An El Niño that began to form last fall has matured and is now fully entrenched across the Pacific Ocean. Changes in sea surface temperatures (SSTs) brought about by an El Niño affect the atmosphere, resulting in distinctive changes in the rainfall pattern across the Pacific Basin. These changes show up as anomalies or deviations in NASA's analysis of climatological rainfall.
In a typical El Niño, warmer than average SSTs off the coast of Peru lead to enhanced convection (rising air that condenses and forms clouds and storms) and above average rainfall in the eastern Pacific near to the Equator and lower than average rainfall over the western Pacific.

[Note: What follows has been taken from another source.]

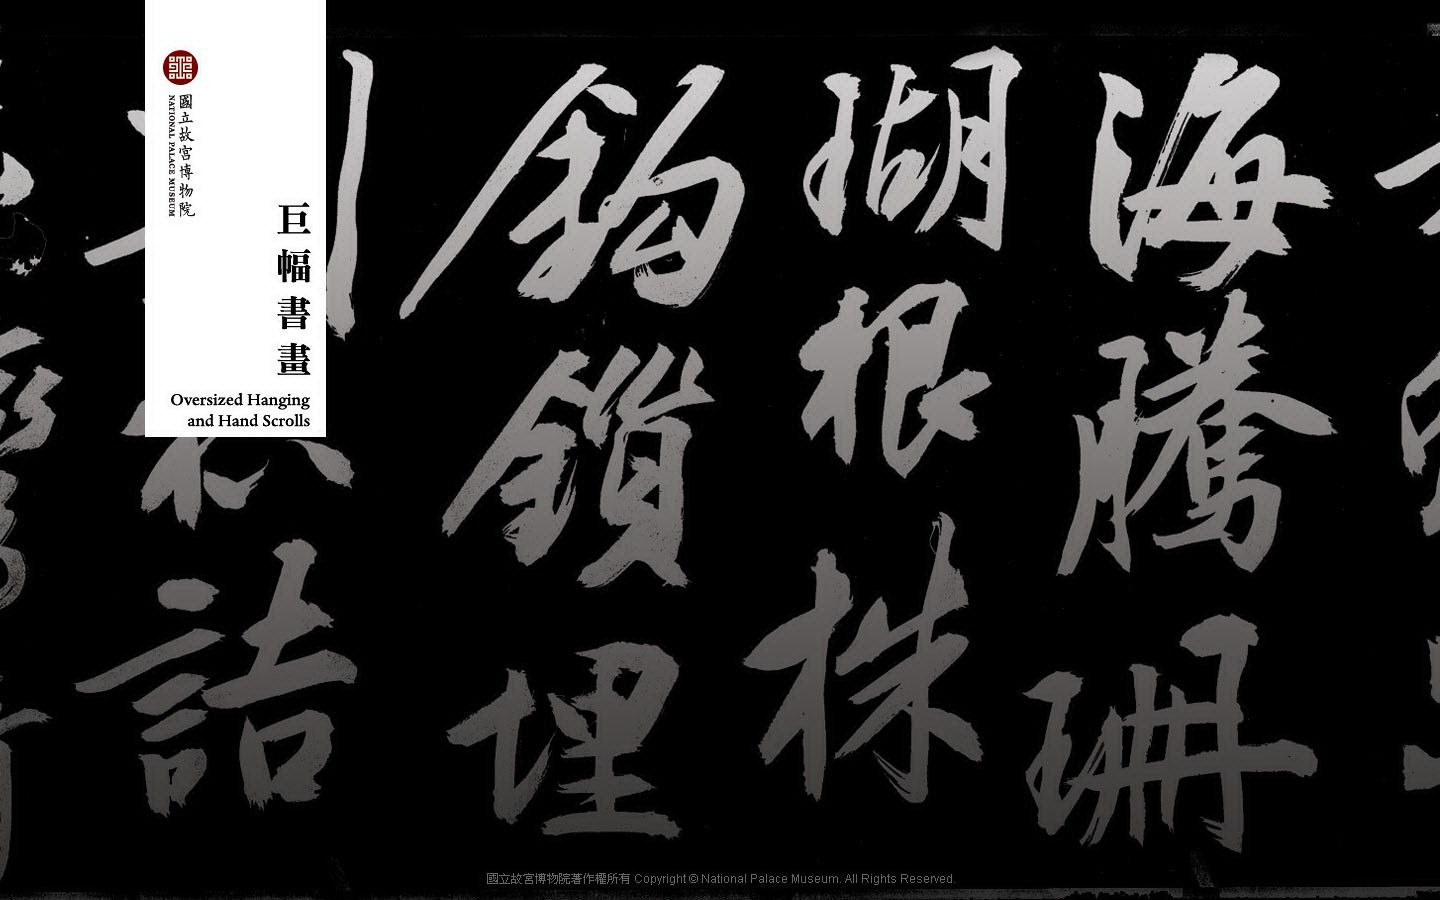 台北故宮博物院 文物展壁紙(二) #14 - 1440x900

However, recent estimates of monthly average rainfall and corresponding rainfall anomalies show heavy rain and above-average rainfall located across the Equatorial Central Pacific not the eastern Pacific. This is what is known as El Niño "Modoki" (Japanese for "a similar but different thing") or a Central Pacific El Niño, wherein enhanced SSTs and rainfall occur near the dateline and not near the coast of Peru.
The estimates are generated from the legacy TRMM-based TMPA rainfall product at NASA's Goddard Space Flight Center in Greenbelt, Maryland. TRMM was the Tropical Rainfall Measuring Mission satellite that the rainfall product was based on and named for, but TRMM has been succeeded by the Global Precipitation Measurement (GPM) constellation of satellites. TMPA rainfall is the TRMM Multi-satellite Precipitation Analysis.
As with a traditional El Niño, the effects from a Central Pacific El Niño can still spread to the US Also, clearly visible in the NASA-generated monthly average rainfall was an area of heavy rain over the southeast coast of Africa associated with the passage of Cyclone Idai, which devastated the region with torrential flooding.